Bevor ich fragen konnte, ob ich auf Toilette darf, da mir aufeinmal unglaublich schlecht geworden war, klingelte es zum Ende der Stunde. Aufgelöst packte ich meine Sachen samt des verunstalteten Blattes zusammen und verließ schwankend den Raum.

Mir ging es im Verlauf der nächsten drei Stunden immer schlechter und schon alleine der Gedanke an Caydon ließ meine einsetzenden Kopfschmerzen stärker werden. Und dann auch noch sein Wunsch.... Wenn er so versaut war, wie es Ilay auch wirklich behauptete, wie sah der denn aus? Weswegen wünschte er sich dann etwas von mir? 
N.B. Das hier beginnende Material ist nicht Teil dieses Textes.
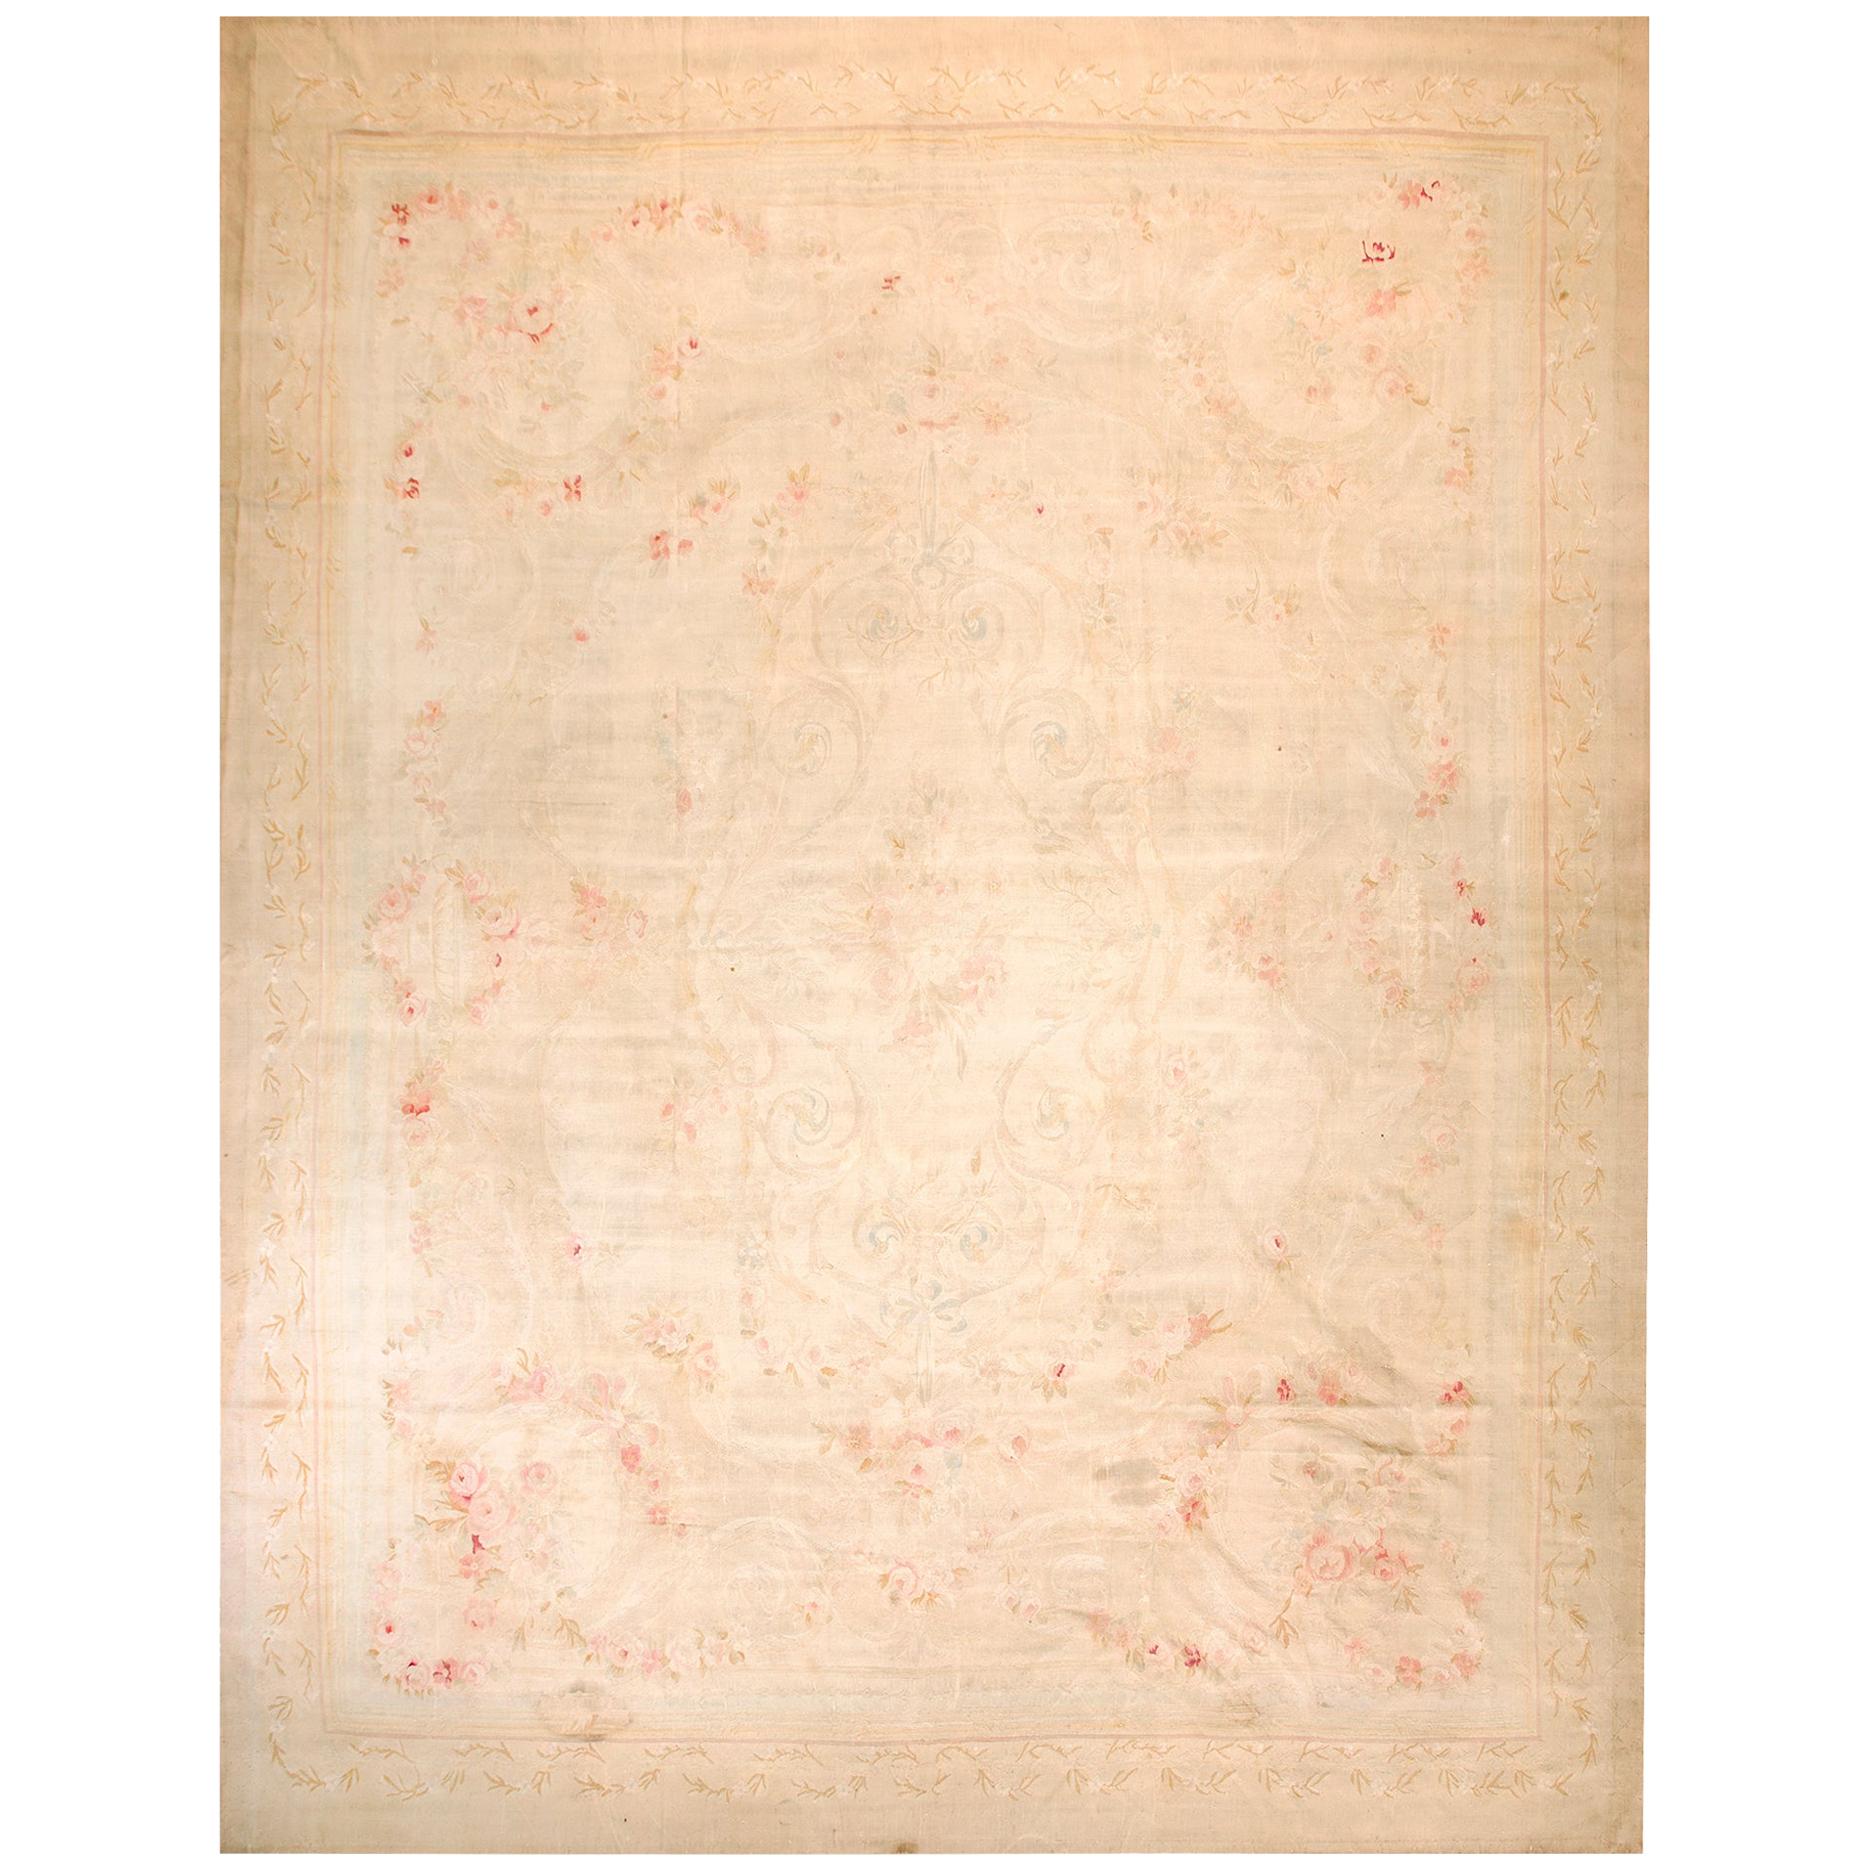 Französischer Aubusson-Teppich des 19. Jahrhunderts ( 12' x 15'6" - 365 x 472)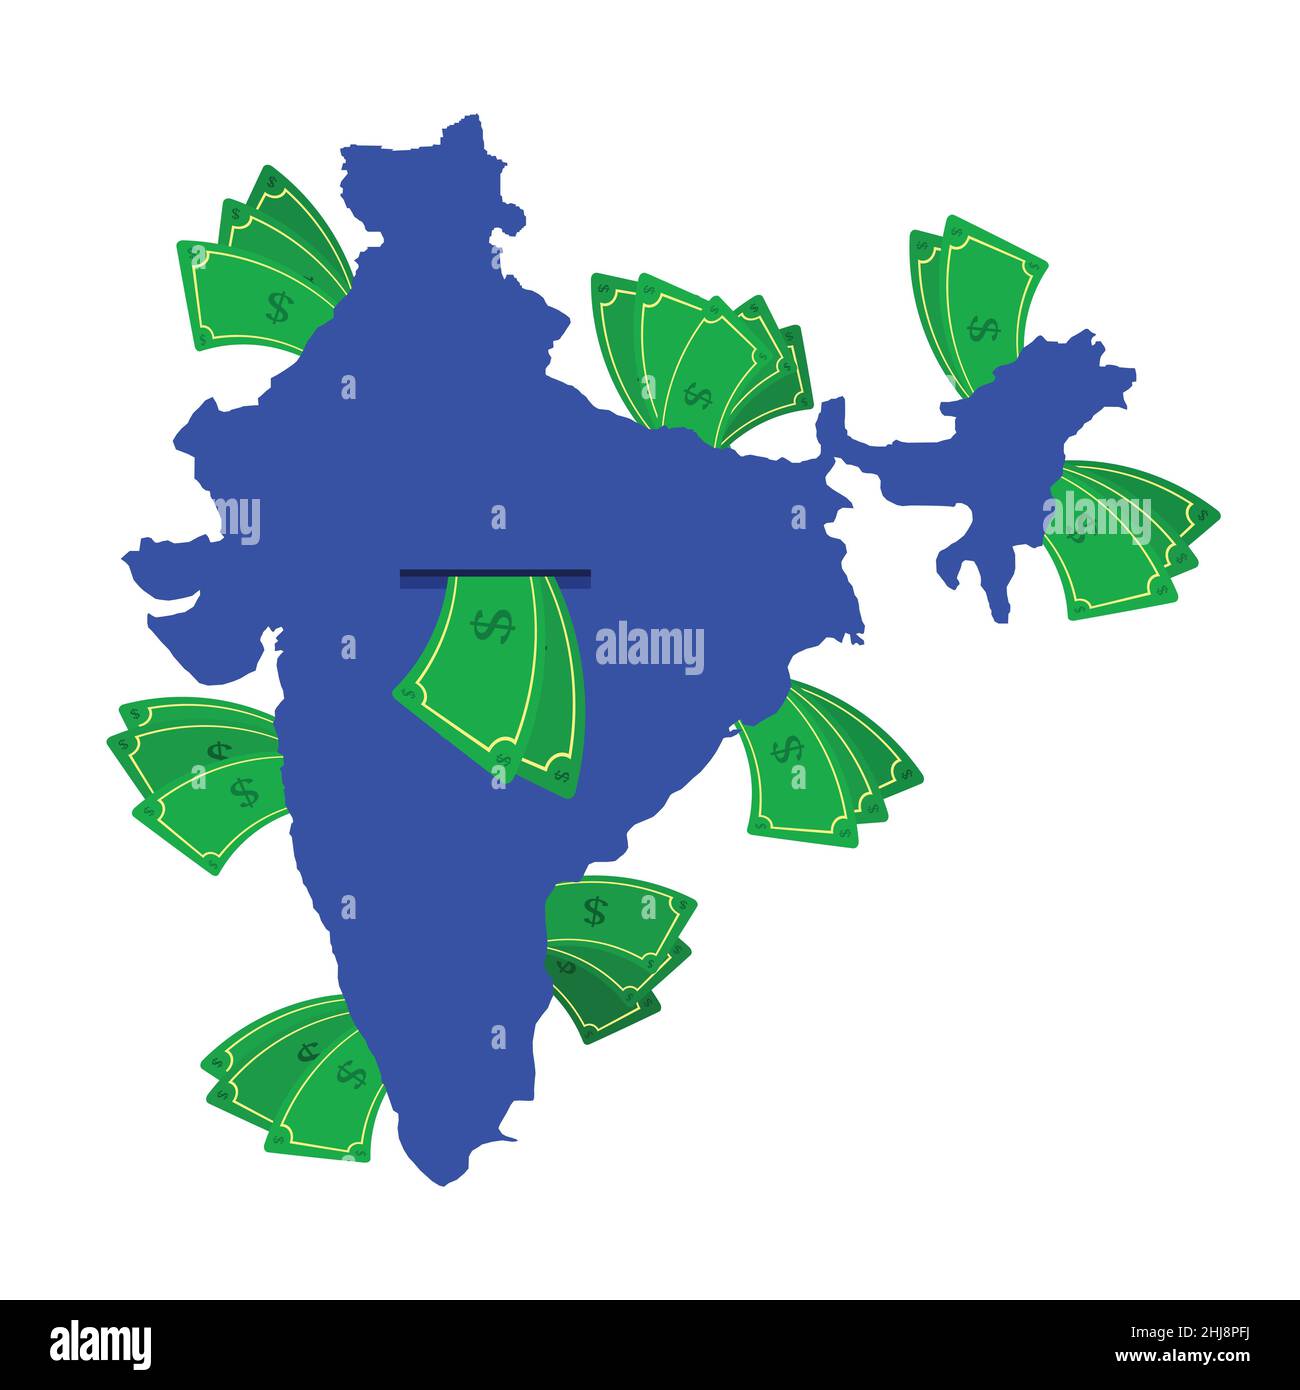 Carte de l'Inde en bleu avec des factures d'argent autour.Argent quittant le centre du pays.Économie du pays indien.Arrière-plan blanc.Isolé. Illustration de Vecteur

Und warum tat er das nicht bei irgendwelchen anderen selbstbewussteren Mädchen, die sein Verlangen erst recht gestillt hätten, falls er danach Bedarf hatte. Und das hatte er ganz sicher, Ilay hatte ziemlich Anspielungen auf sowas gemacht und die Momente mit Cherry waren ja wohl Beweis genug dafür.

Aufstöhnend massierte ich mir meine Schläfen - und passte für einen Augenblick nicht genug auf. Was ich sofort bitter zu spüren bekam.

Etwas zischte in hoher Geschwindigkeit auf meinem Kopf zu und traf mich mit voller Wucht, worauf alles in sich verschwamm. Ich hörte nur noch ein Achtung - was wohl etwas zu spät für mich kam - dann wurde alles um mich herum schwarz.